Она краснела, она роняла клубок — голубой или розовый. Что-то передалось и Харламову, но не от них, а им и ему от всепроникающего, все затопляющего, все растворяющего в себе последнего долгого вздоха лета.
«Безрукая тетка — мраморное чудище опять, представь, требует на свой алтарь мою одинокую, а также суровую душу!» — неожиданно для самого себя написал Харламов в Москву бывшей жене, которую всегда почему-то считал другом.
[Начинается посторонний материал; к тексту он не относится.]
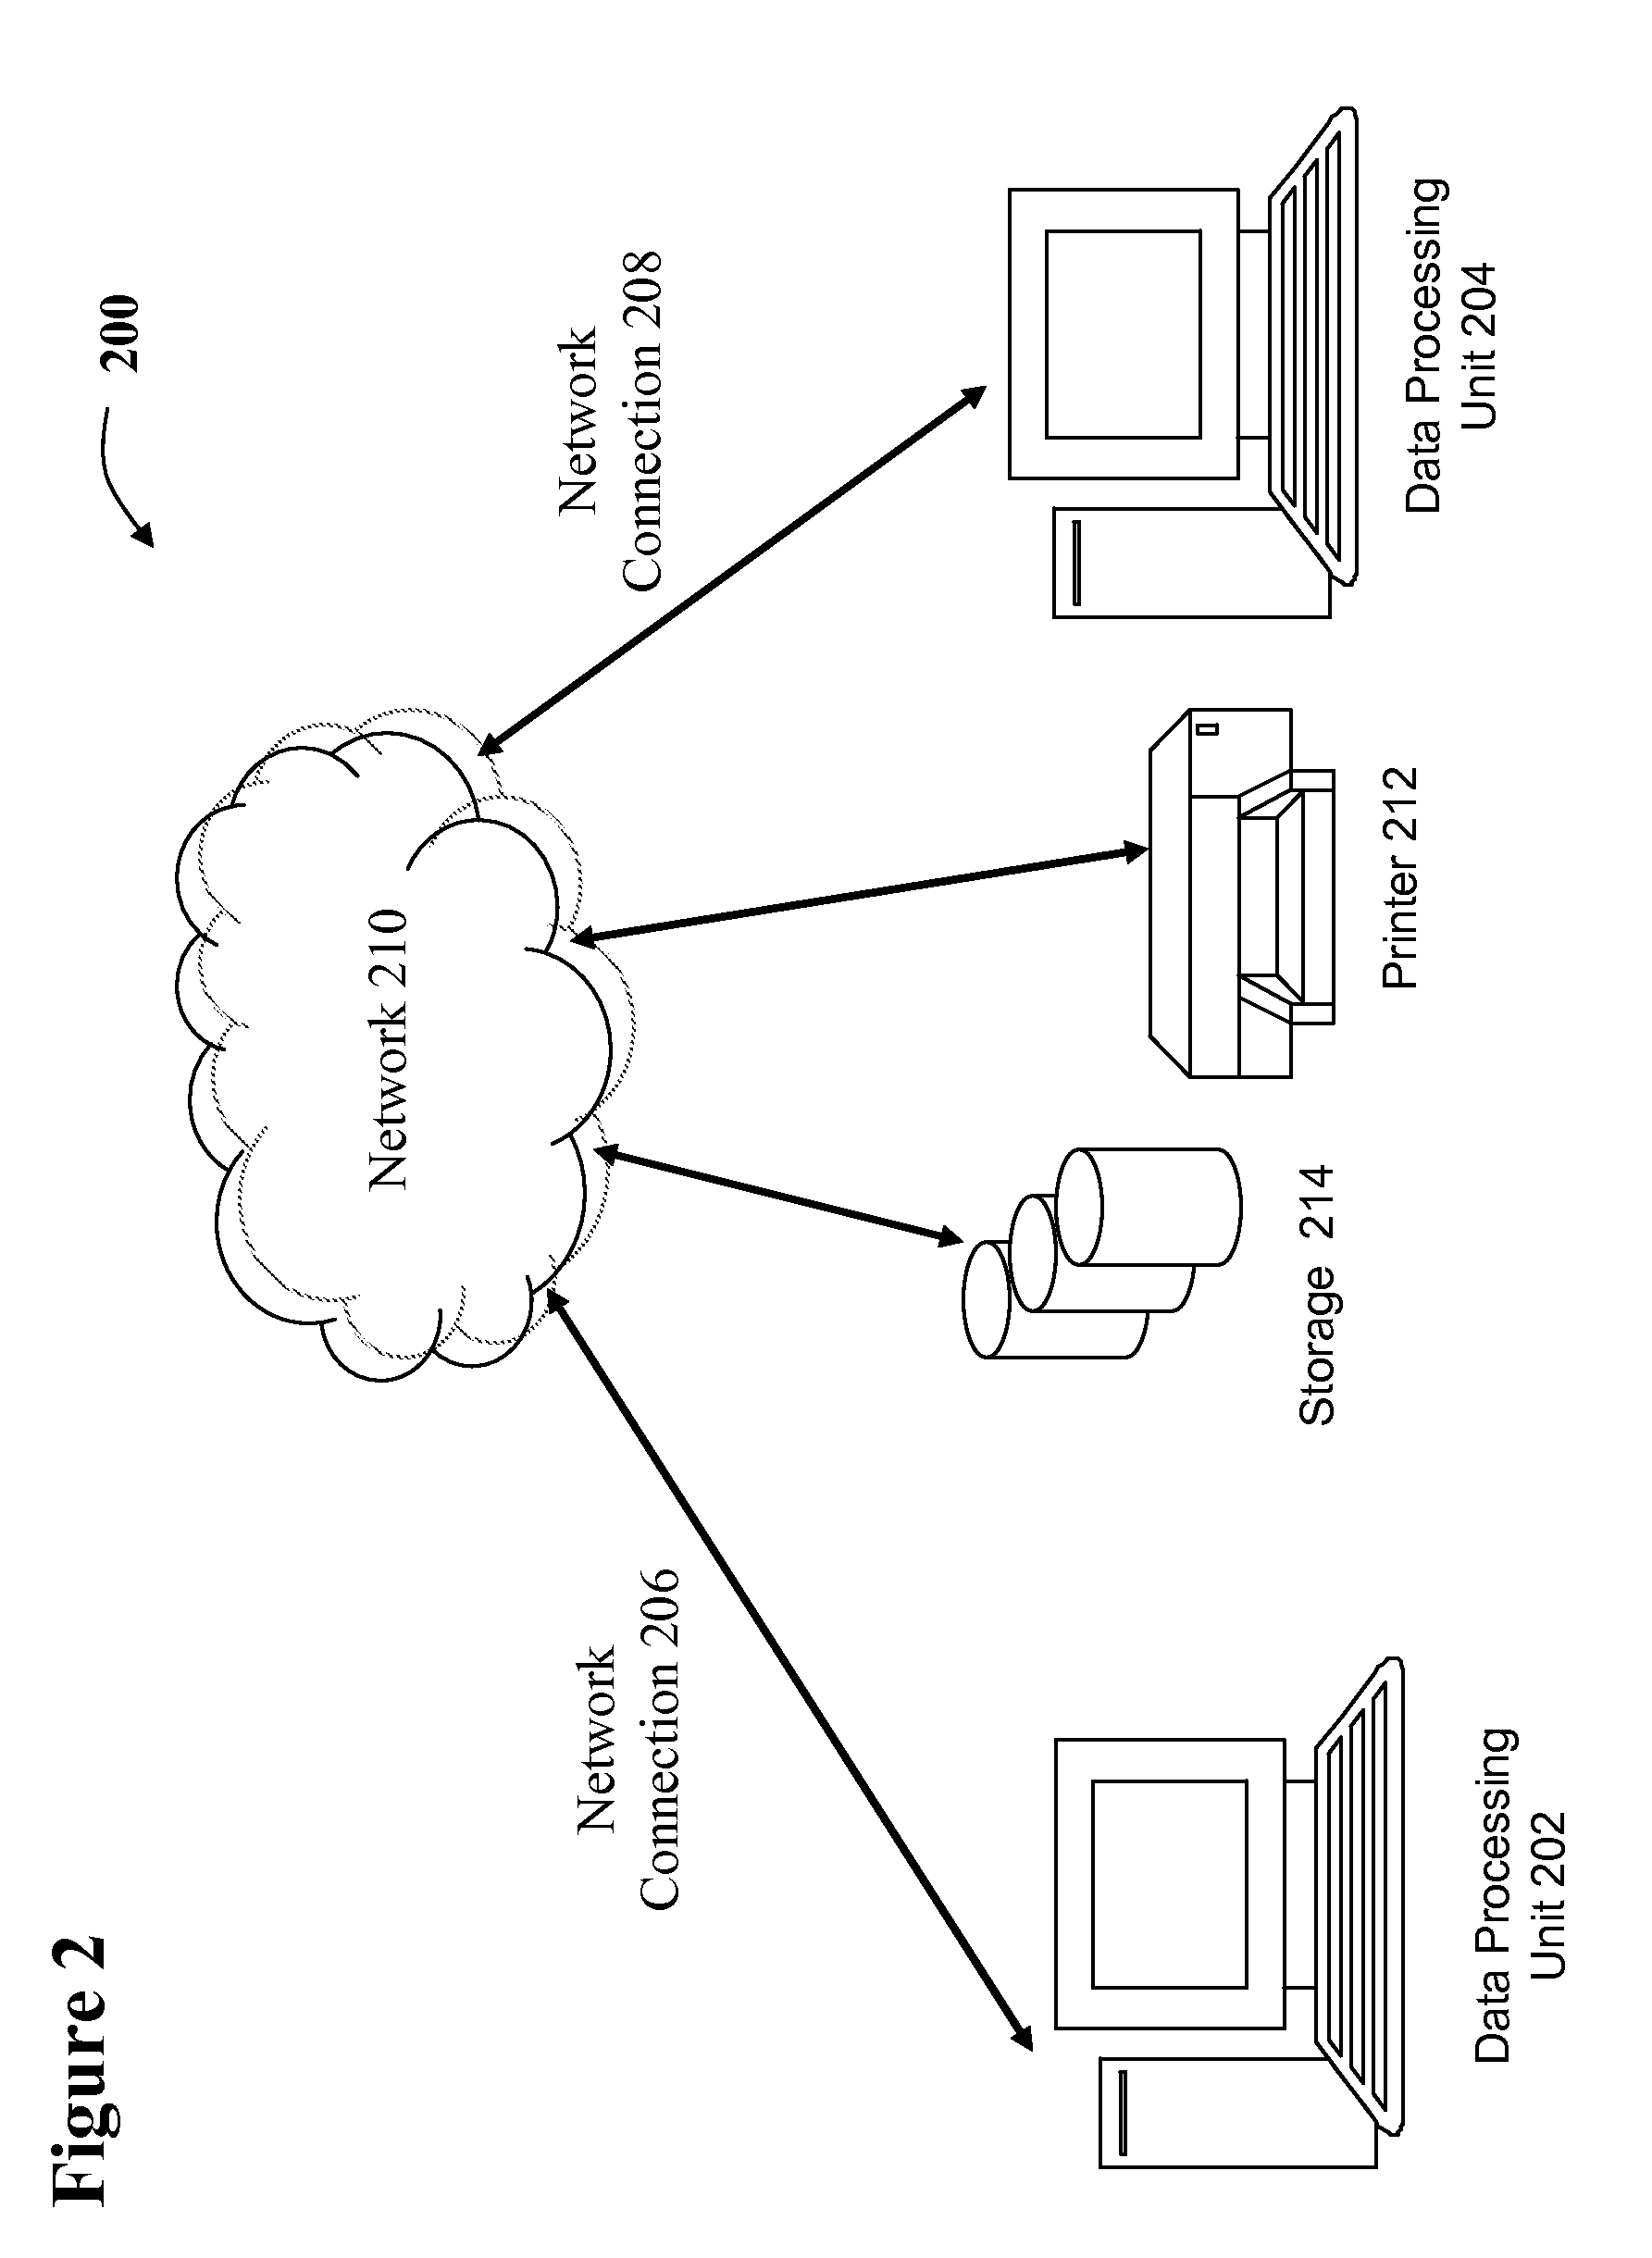 System and method for managing virtual world environments based upon existing physical environments

Написал и, более того, отправил.
ЛИВЕНЬВечерами Медеич наматывал на голову чистый марлевый платок, чтобы не салить затылком обои, и располагался, вытянув по тахте ноги, перед телевизором. Харламов приходил к нему на программу «Время».
— Эч, Сашка-а! Море любит драгоценности, как женщина! Сандро! Обручальное кольцо такого фасона — дефицит? — практично спрашивал хозяин.
— Все же ты думаешь, она плакала потому, что кольцо дорого стоит или его трудно купить? — снова укорял его Харламов.
— Эч, Сашенька! Если море не выбросит ее кольцо, я должен достать его в другом месте! — сердито объяснял хозяин.
— Медеич, это слова князя!
И они замолкали, если хозяйка вносила сковороду. Лопались поджаренные с яичницей помидоры, густо насыпанная сверху кинза страдальчески пахла поздним огородом. Бывала вынута из холодильника узкая бутылка, принесены простые рюмки. В мерцании телевизионного экрана, в потяжелевшем воздухе предгрозового вечера не заметили, как звуки и запахи их тихого ужина смешались с запахами и звуками зашелестевшего под дождем сада. Харламов, дождавшись передачи о погоде, вернее, сопровождавшей передачу мелодии — музыкального назидания оставаться верным себе перед любыми превратностями природы, попрощался с хозяевами и под дождем, радуясь ему, побежал на второй этаж. Хотя ему предстояло обежать всего лишь полукруглую террасу и подняться по открытой лестнице — пятисекундное путешествие, он промок почти насквозь, такой расхлестался ливень.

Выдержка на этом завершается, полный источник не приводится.